Not long afterward, the Indians, who would reach the postseason, sent him down to triple A.

"Nobody wants to go down," Lee said. "But I told myself I wasn't going to let it make me bitter. I told myself that if I did everything I was supposed to do, I'd get back there."

He returned Sept. 1 and, ever since, he's kept his head and his pitches down.

Cy Young season

In 2008, Lee began to rely more on his fastball and in doing so fashioned one of the most remarkable pitching seasons in recent baseball history, going 22-3 with a 2.54 ERA and winning the American League Cy Young Award - all for a .500 team.

"We went duck hunting last year," DeBriyn said, "and I asked him what had made the difference, why was he now able to throw the ball where he wanted. And he said a lot of it was the cutter he'd developed. The cutter and a change-up that he was finally able to control."

When Lee explained the improvement, it - naturally - sounded simple.

"You can't get behind hitters," he said. "Get strike one and stay ahead of them. If they're going to get on base, make them swing."

As he became more successful on the field, he became more careful, more taciturn away from it.

If you didn't know any better, you'd swear the Arkansas native was as hollow as the huge empty mailing tube that sat in front of his sparsely decorated locker at Citizens Bank Park. (It was sent by Mitch Williams and though it almost certainly contained some kind of hunting or fishing equipment, Lee didn't want to confirm its contents.)

While his teammates' lockers were crammed with photos, posters, bobbleheads and other evidence of their idiosyncrasies, Lee's contained a single can of Skoal and two snapshots of son Jaxon and daughter Maci, hung low and almost out of sight.
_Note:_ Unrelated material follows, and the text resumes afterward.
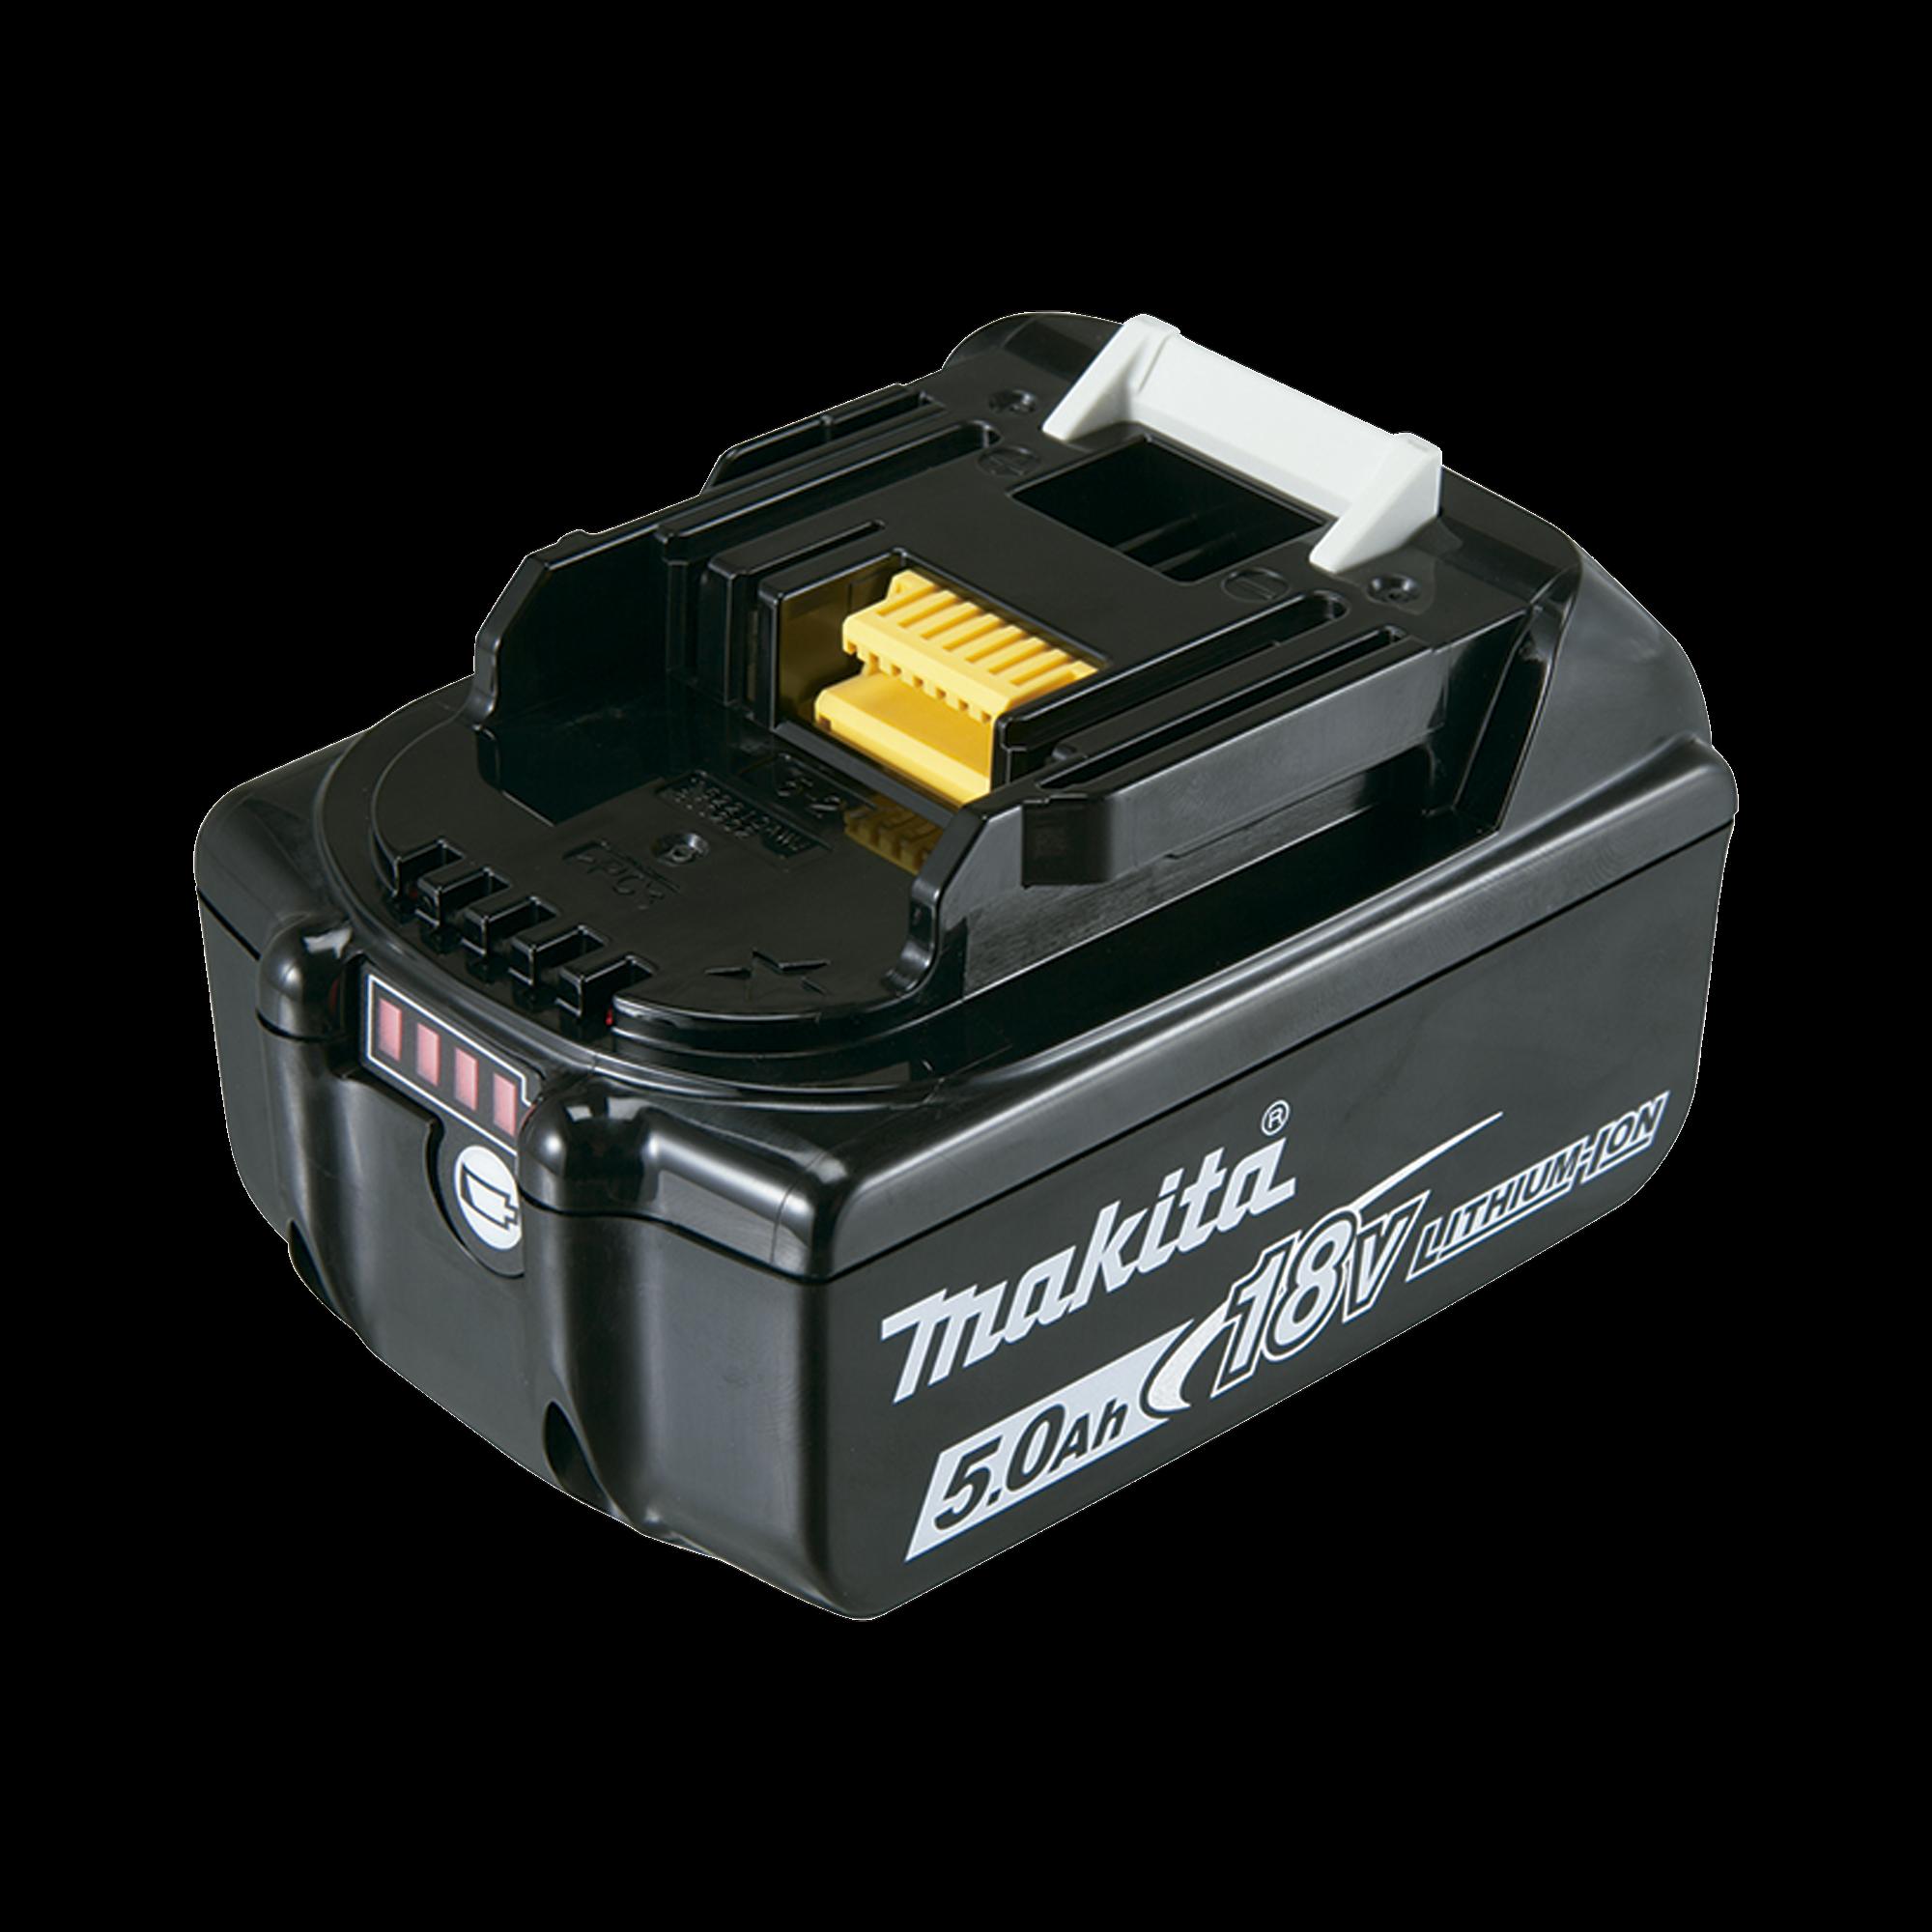 Bateria de 3.0 amperes, con indicador de carga

Jaxon, who was diagnosed with leukemia as an infant, quickly overcame the illness. ("He's fine now," said Lee.)

DeBriyn cautioned anyone who might mistake Lee's simplicity for shallowness.

"Don't think he's not sharp," said DeBriyn. "He's just really focused. Cliff knows what he wants and he knows how to go after it."

So today, if the Phillies lefthander looks a little too relaxed on the mound, don't be fooled. He's just keeping it simple.

"I'm just going to try to do what I've done my whole career," he said. "Naturally, there will be a little more adrenaline and excitement. But you have to find a way to channel that and not let it become a distraction. . . . I try to win every game I pitch. This isn't going to be any different."